▶ _Task instructions_: When you reach the line below that has "Nintendo 2DS logotype.", start returning lines exactly, and stop after the line that has "An images of"; skip the pictures.
------ Excerpted data
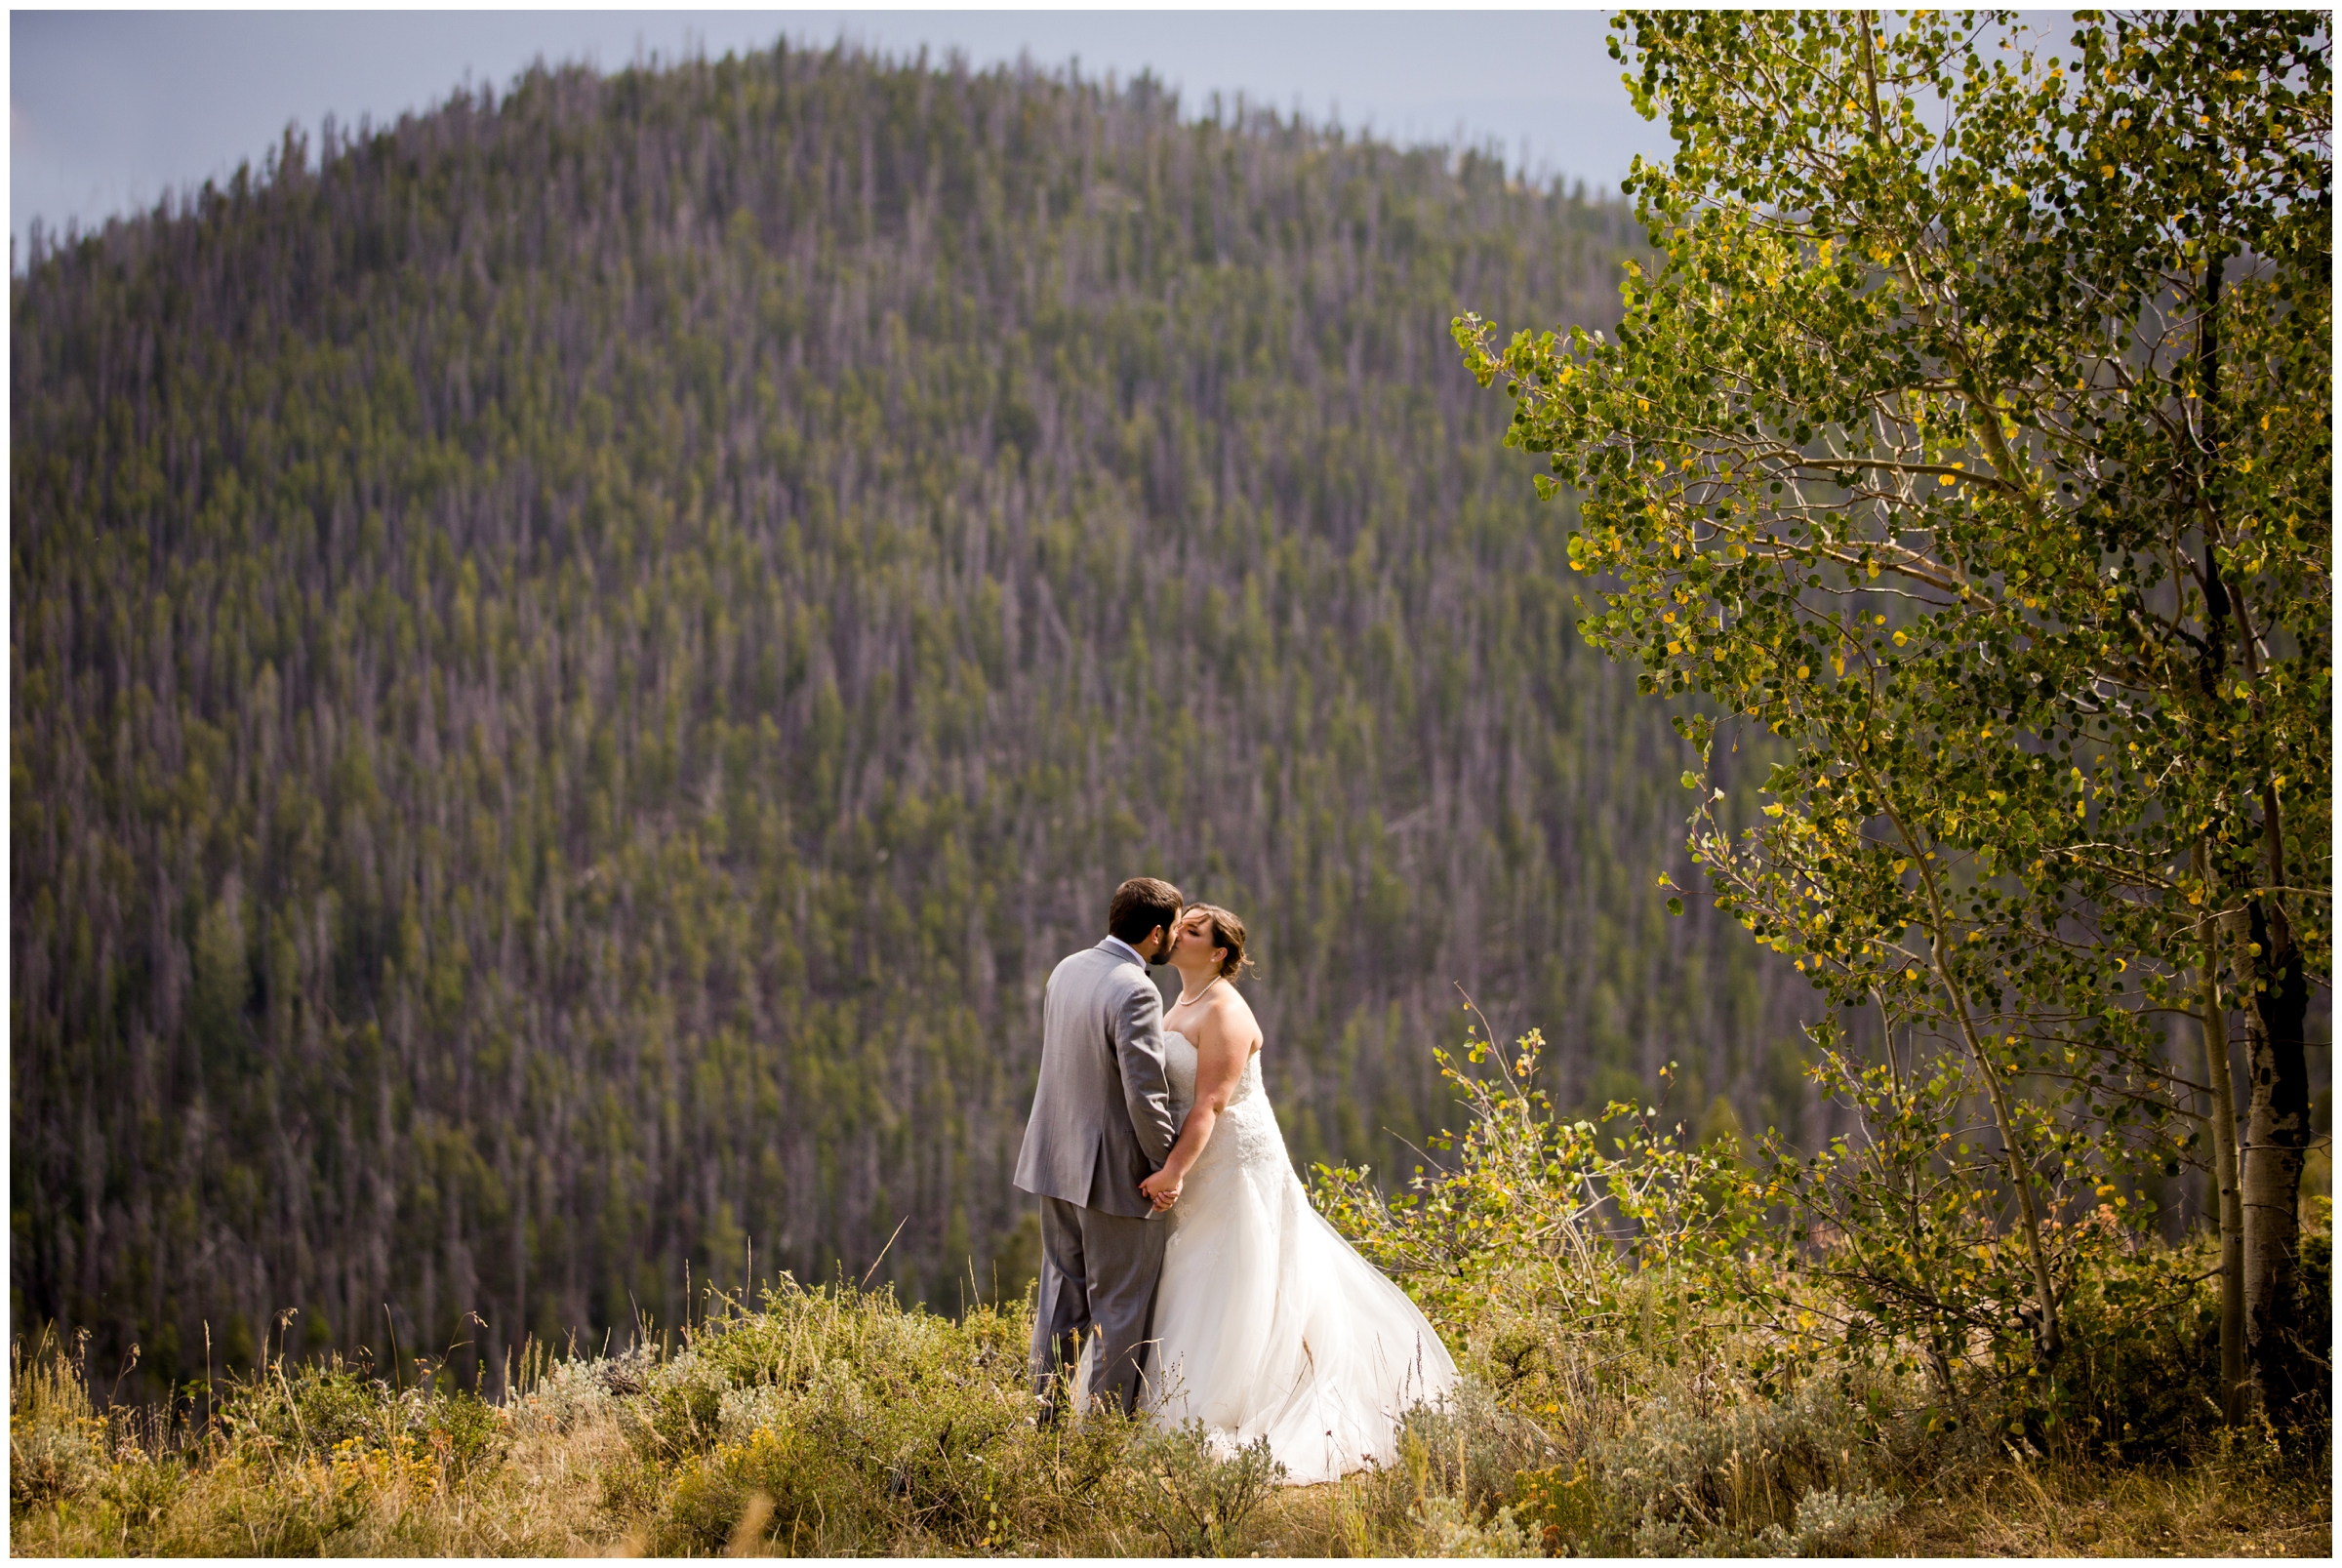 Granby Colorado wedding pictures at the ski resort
------------
------ Excerpted data
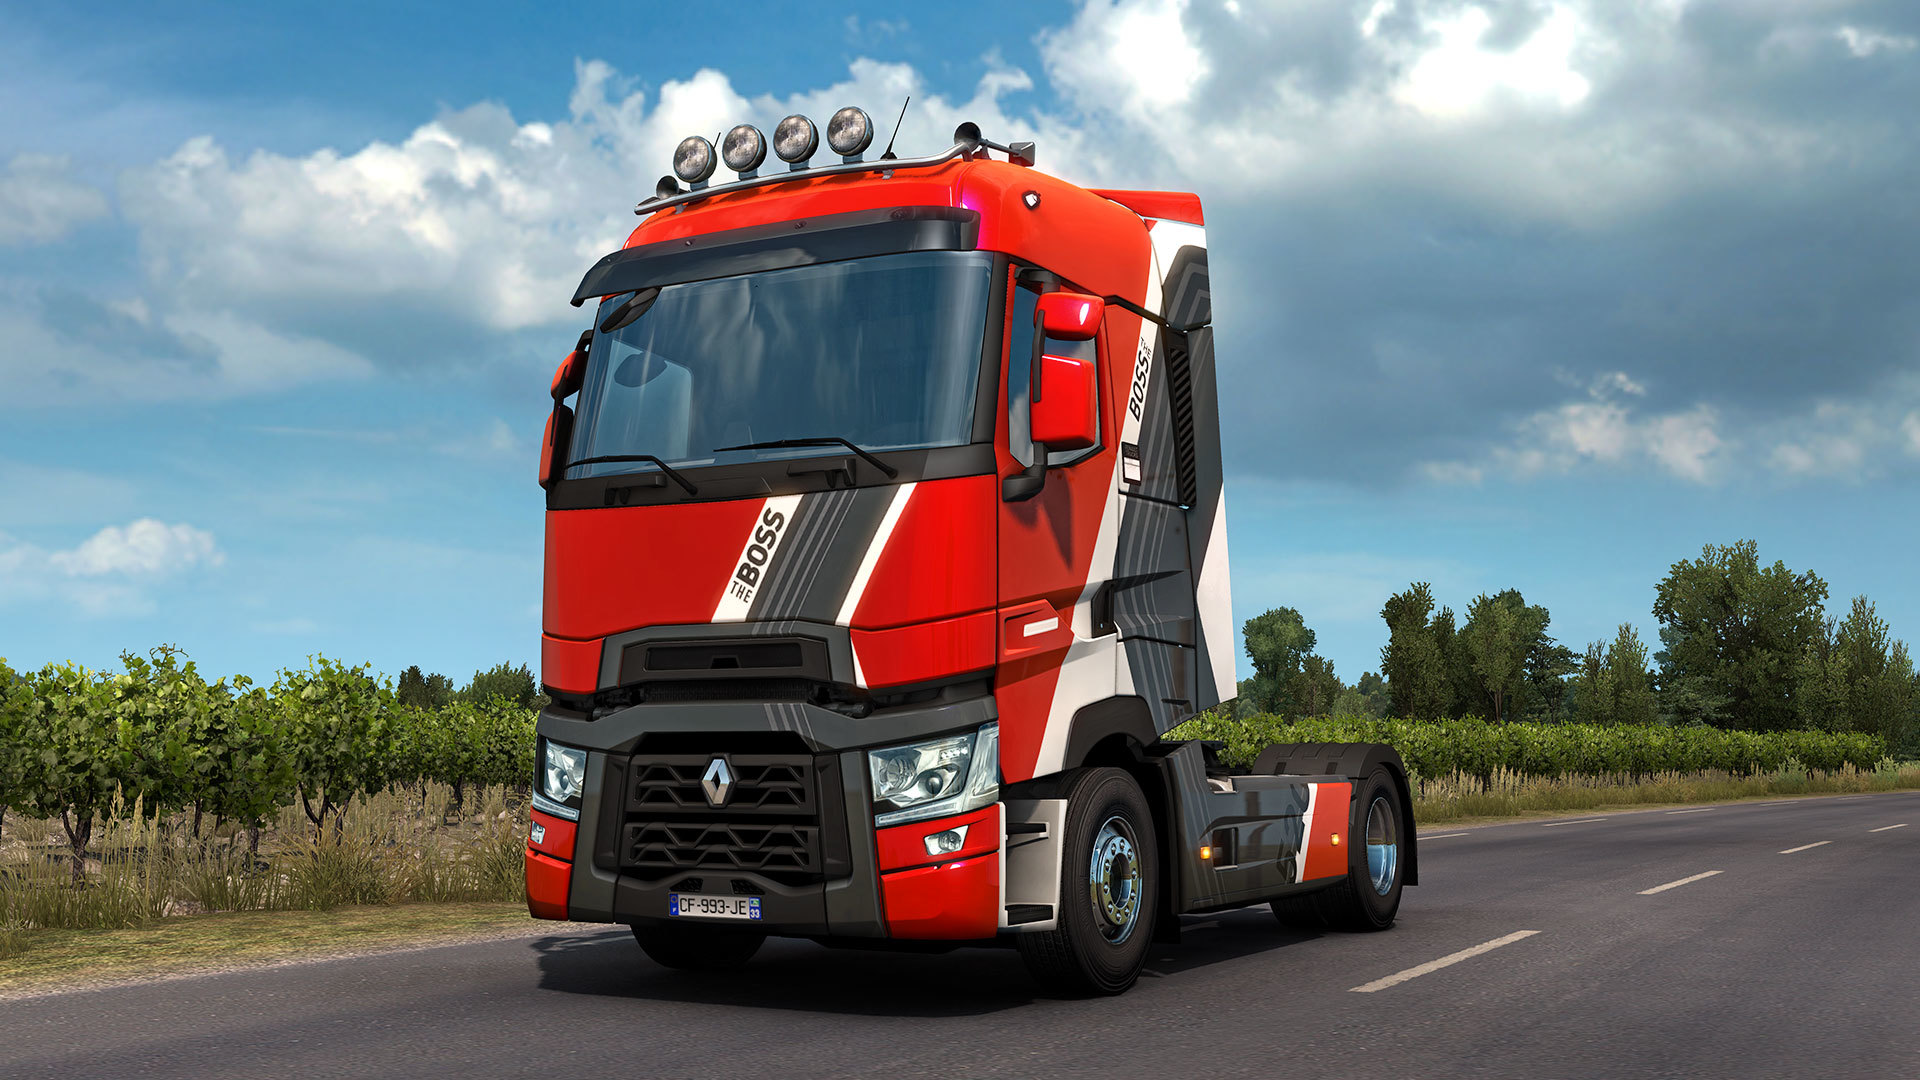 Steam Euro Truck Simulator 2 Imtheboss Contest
------------
------ Excerpted data
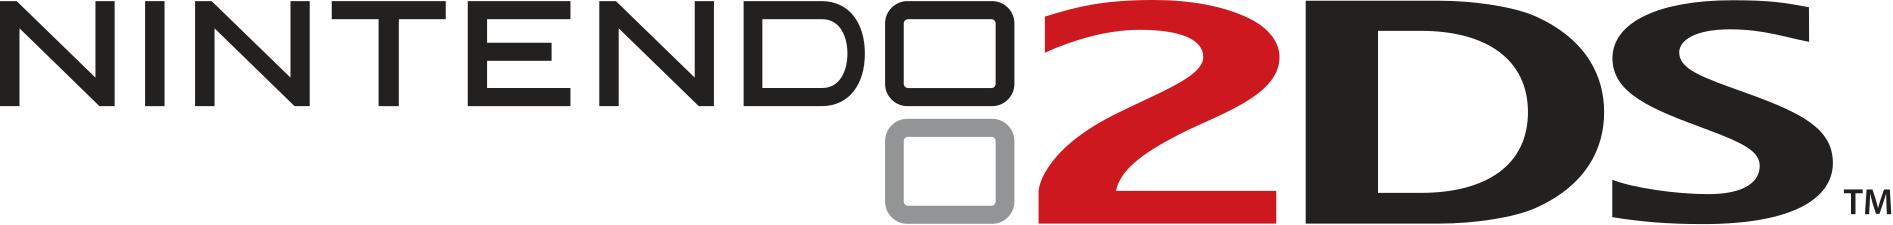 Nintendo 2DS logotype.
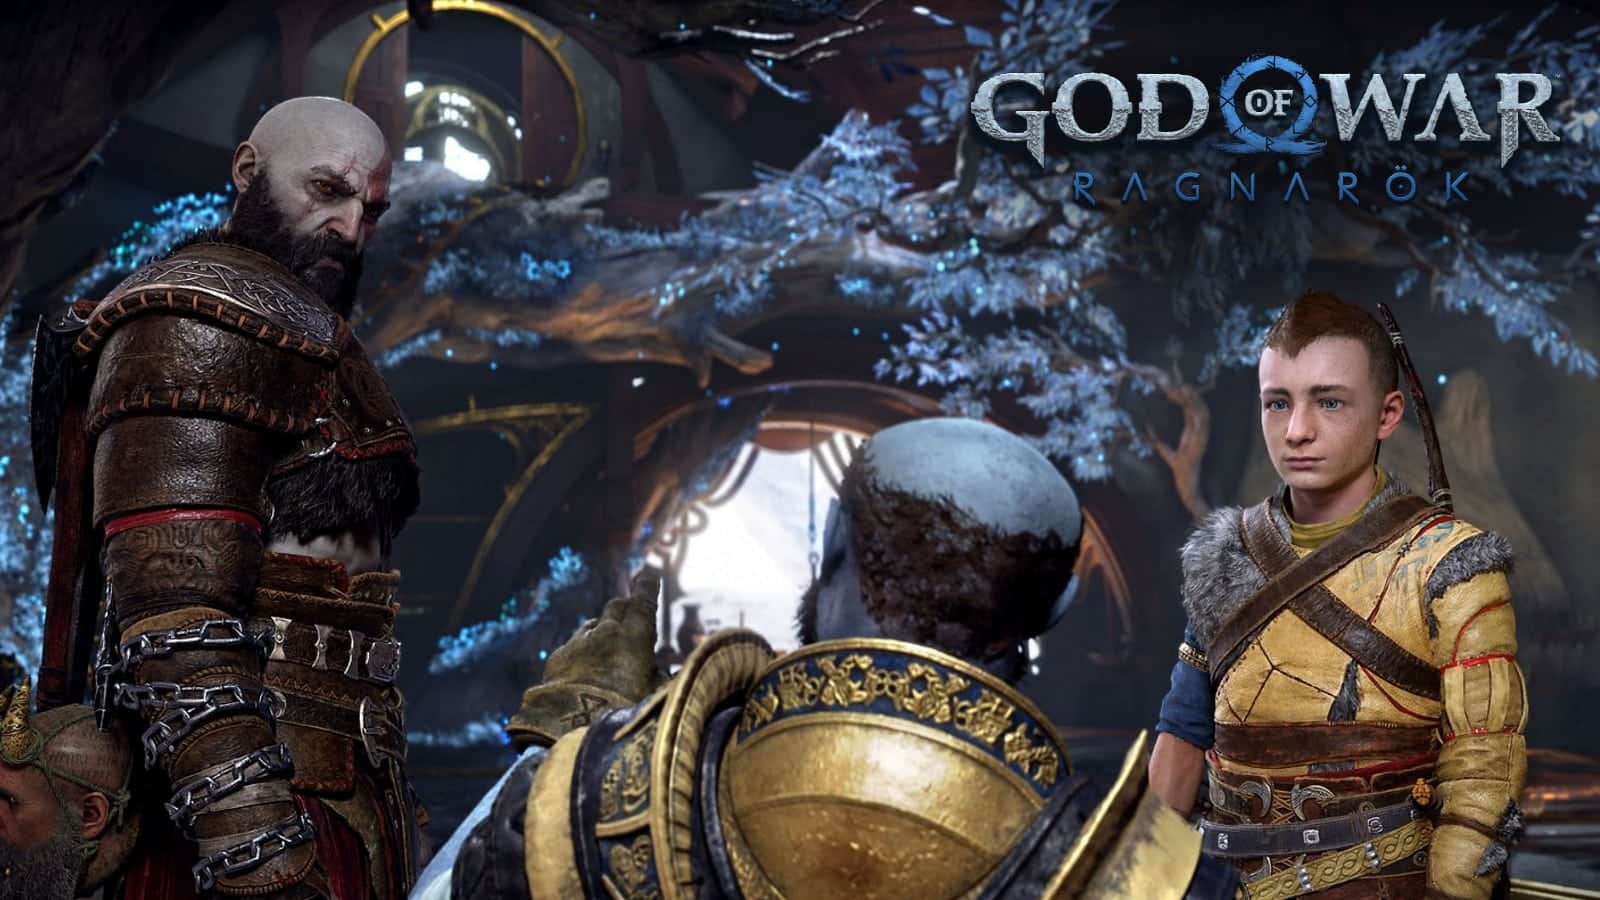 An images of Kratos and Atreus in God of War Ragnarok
------------
▶ _Response below_:
 Nintendo 2DS logotype.
 An images of Kratos and Atreus in God of War Ragnarok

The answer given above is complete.